Provided material:
**********

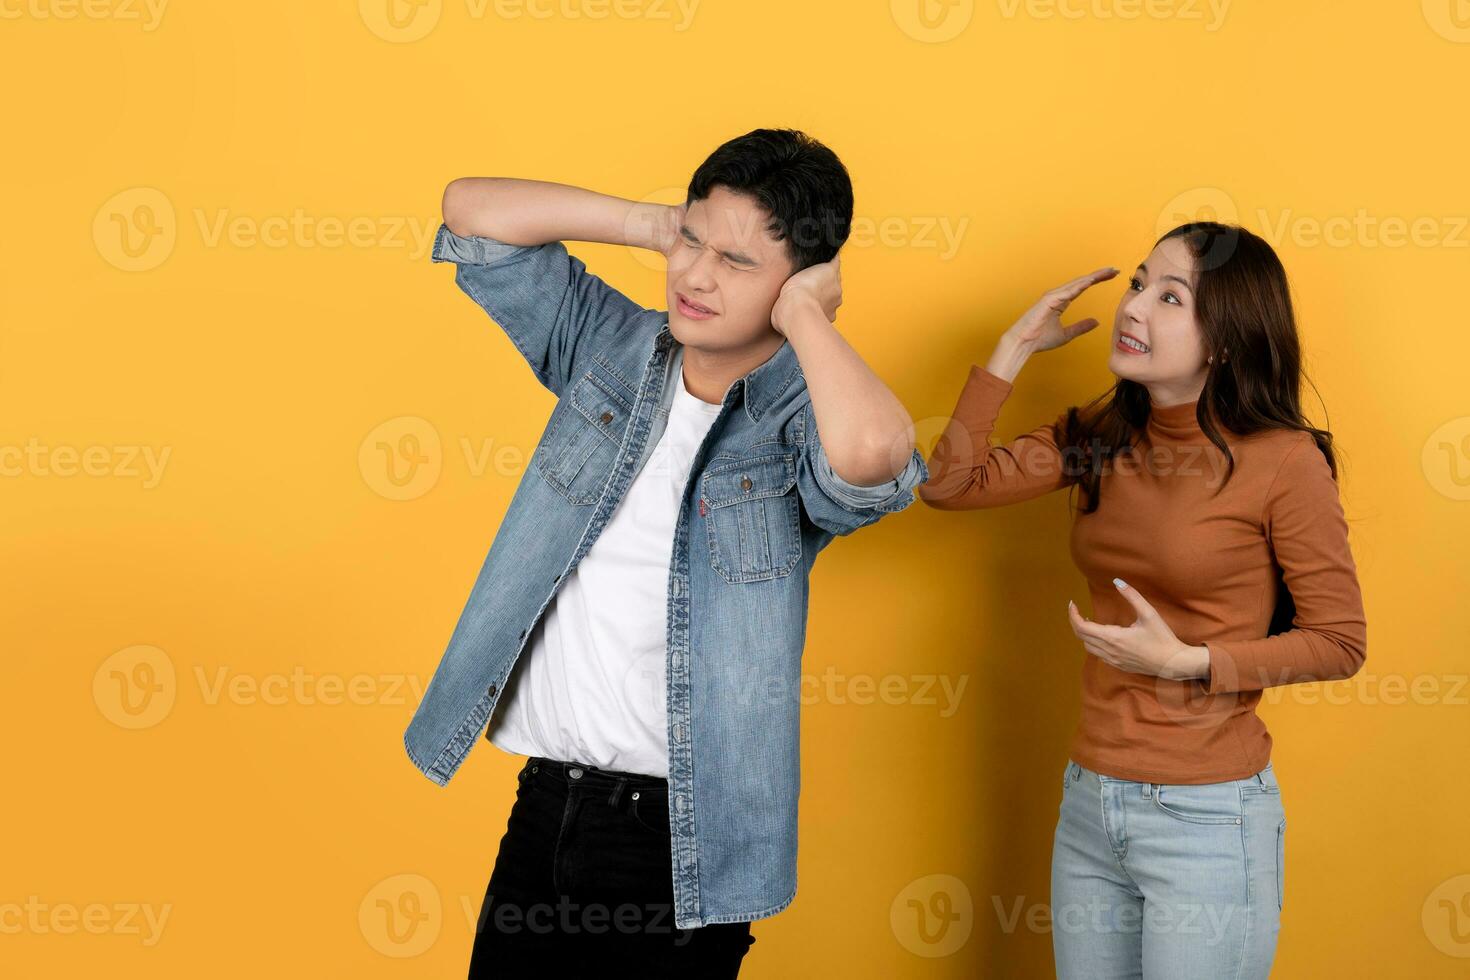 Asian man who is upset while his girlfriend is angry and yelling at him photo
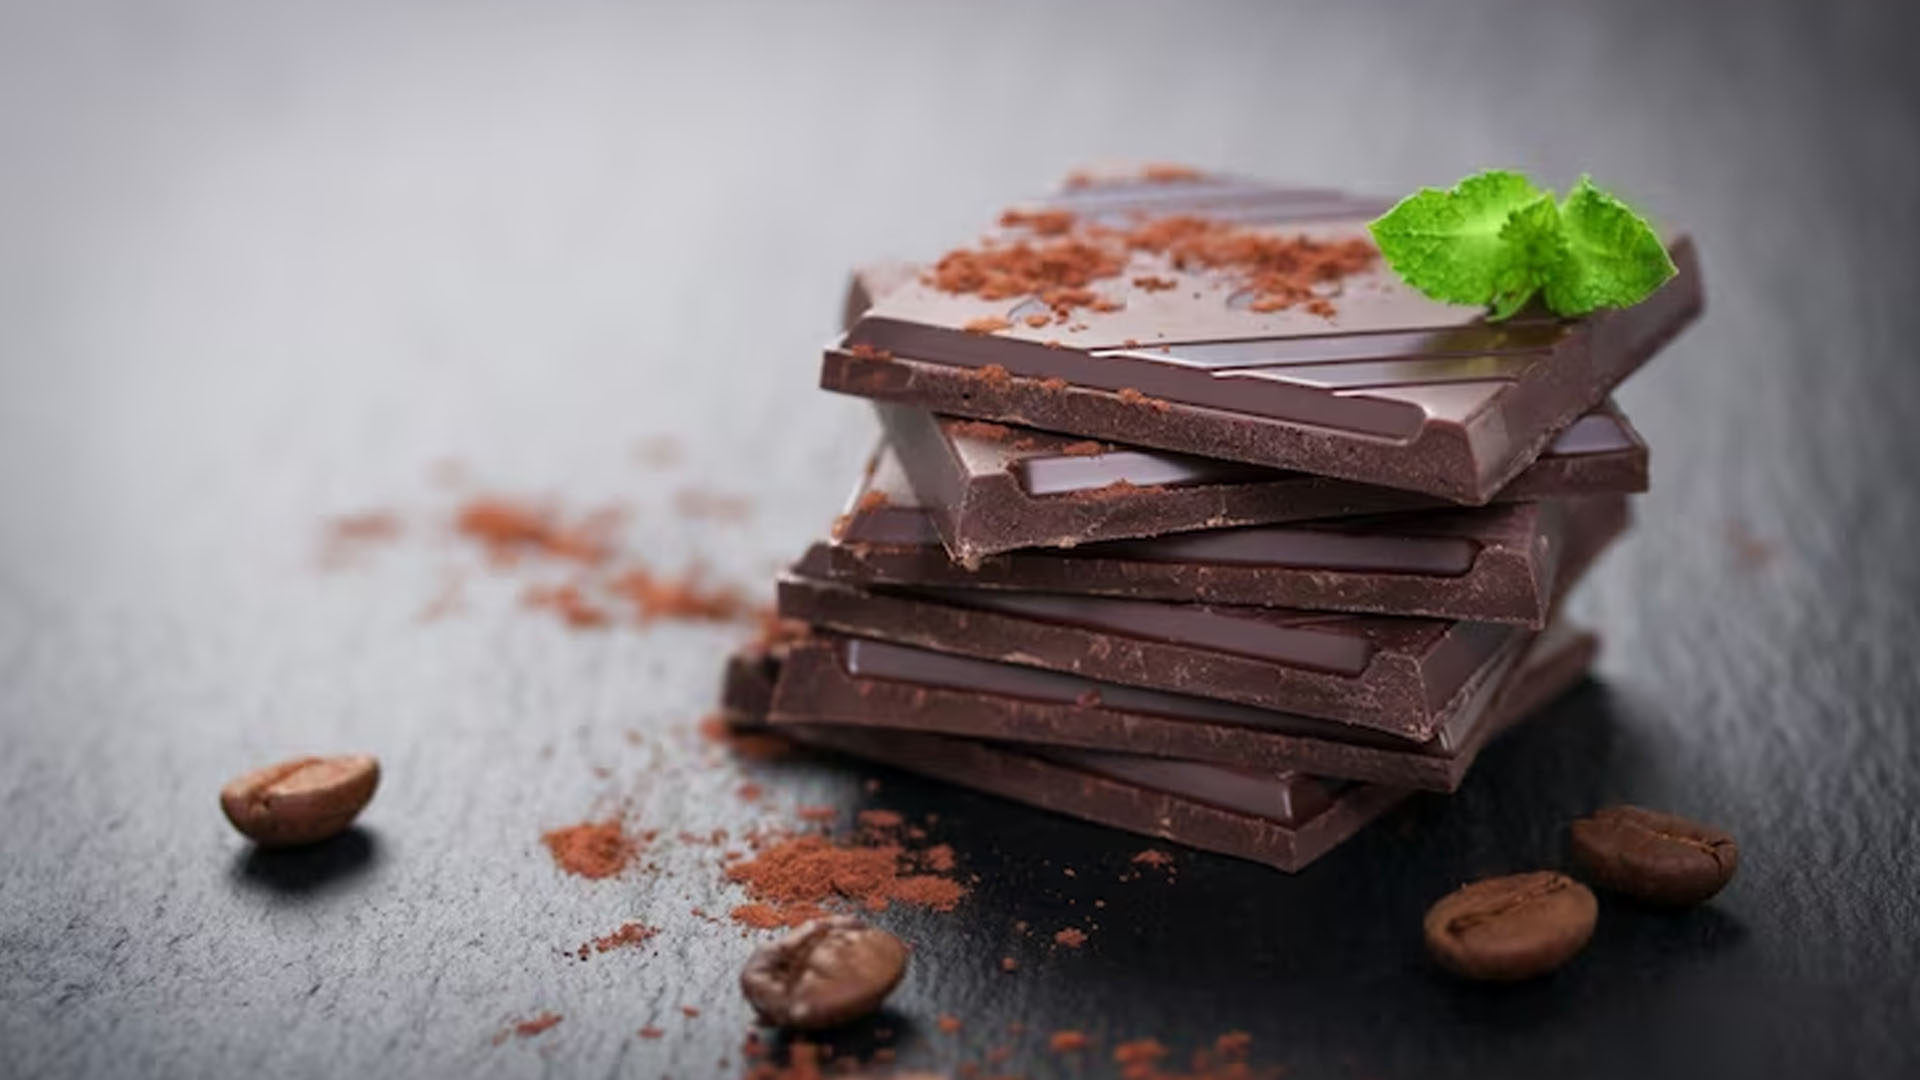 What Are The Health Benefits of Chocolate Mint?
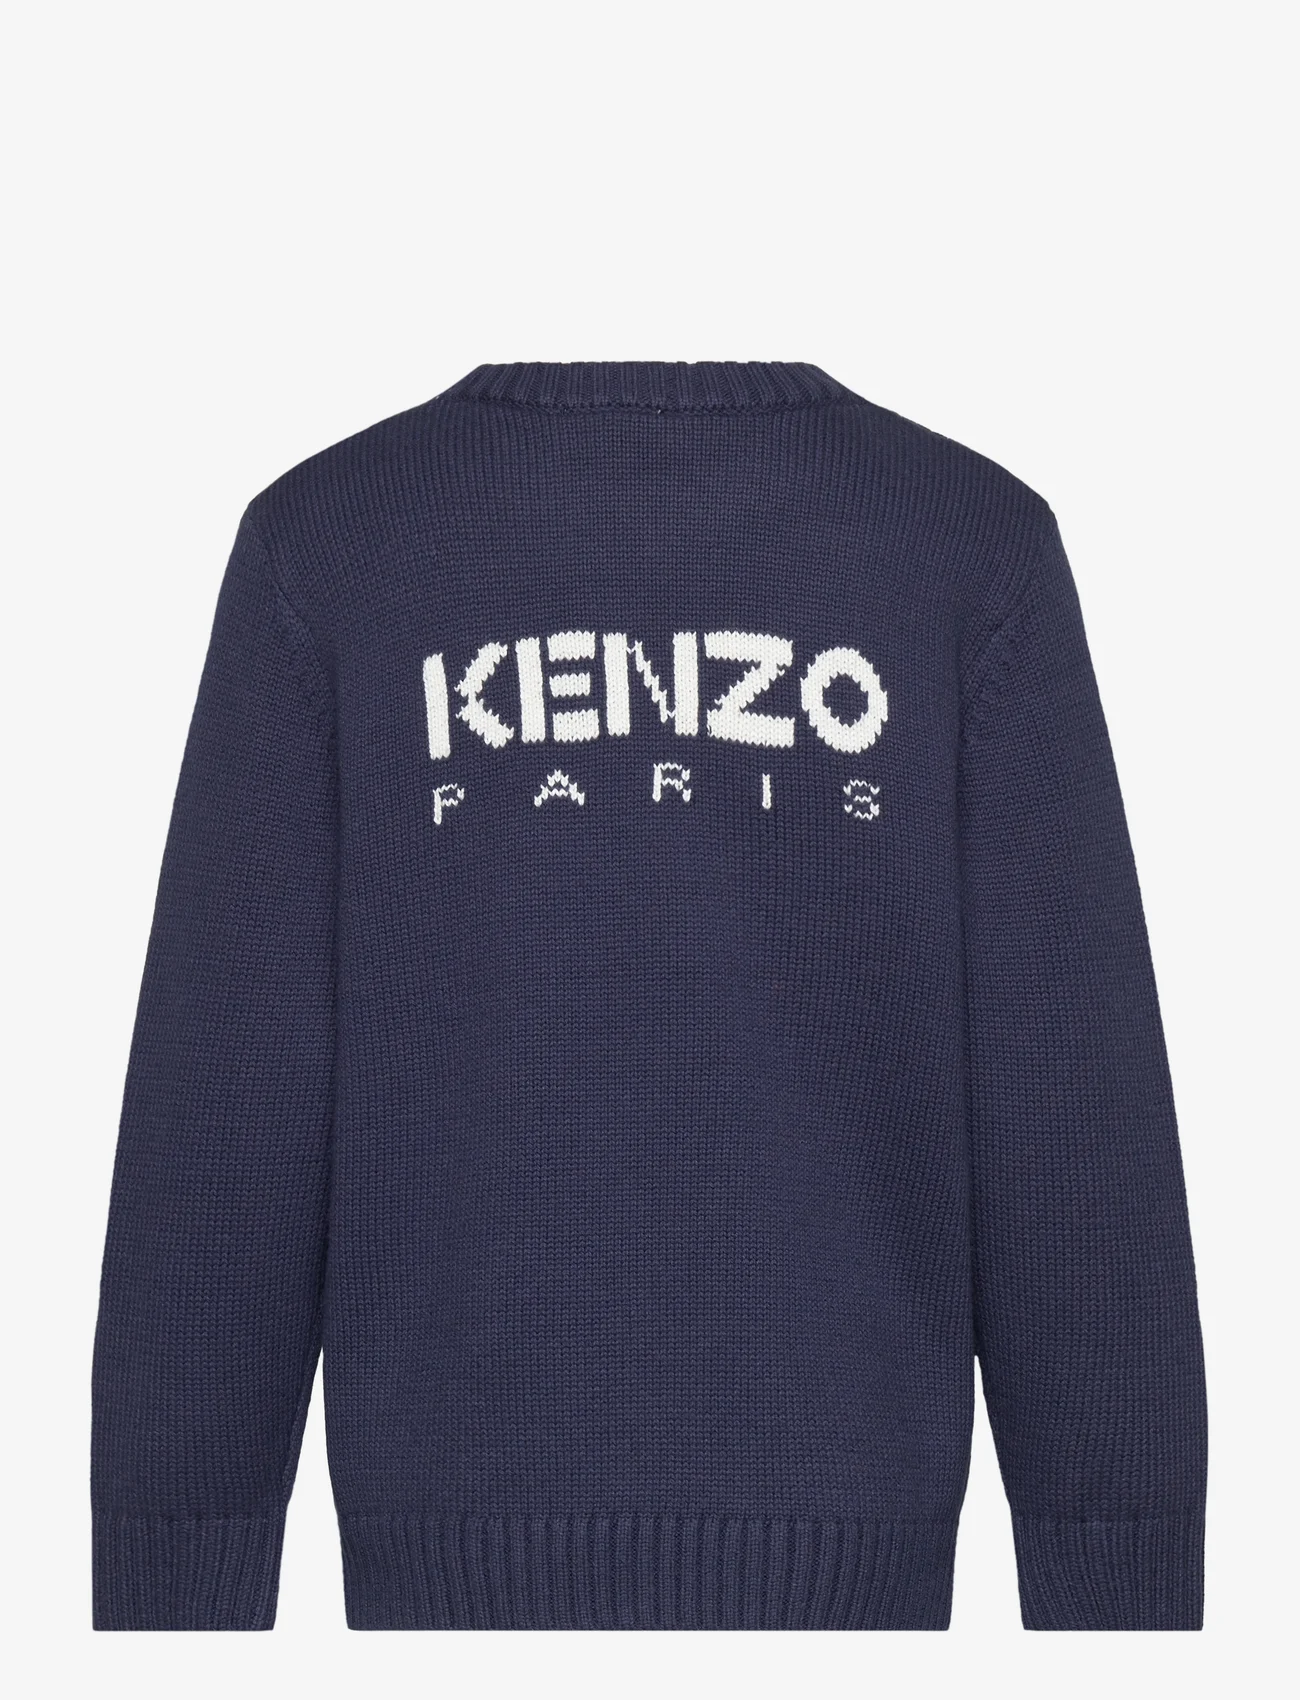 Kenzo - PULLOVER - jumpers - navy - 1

**********

Task prompt: The entire listing above is to be copied exactly, with all pictures omitted.

Answer for the task:
 Asian man who is upset while his girlfriend is angry and yelling at him photo
 What Are The Health Benefits of Chocolate Mint?
 Kenzo - PULLOVER - jumpers - navy - 1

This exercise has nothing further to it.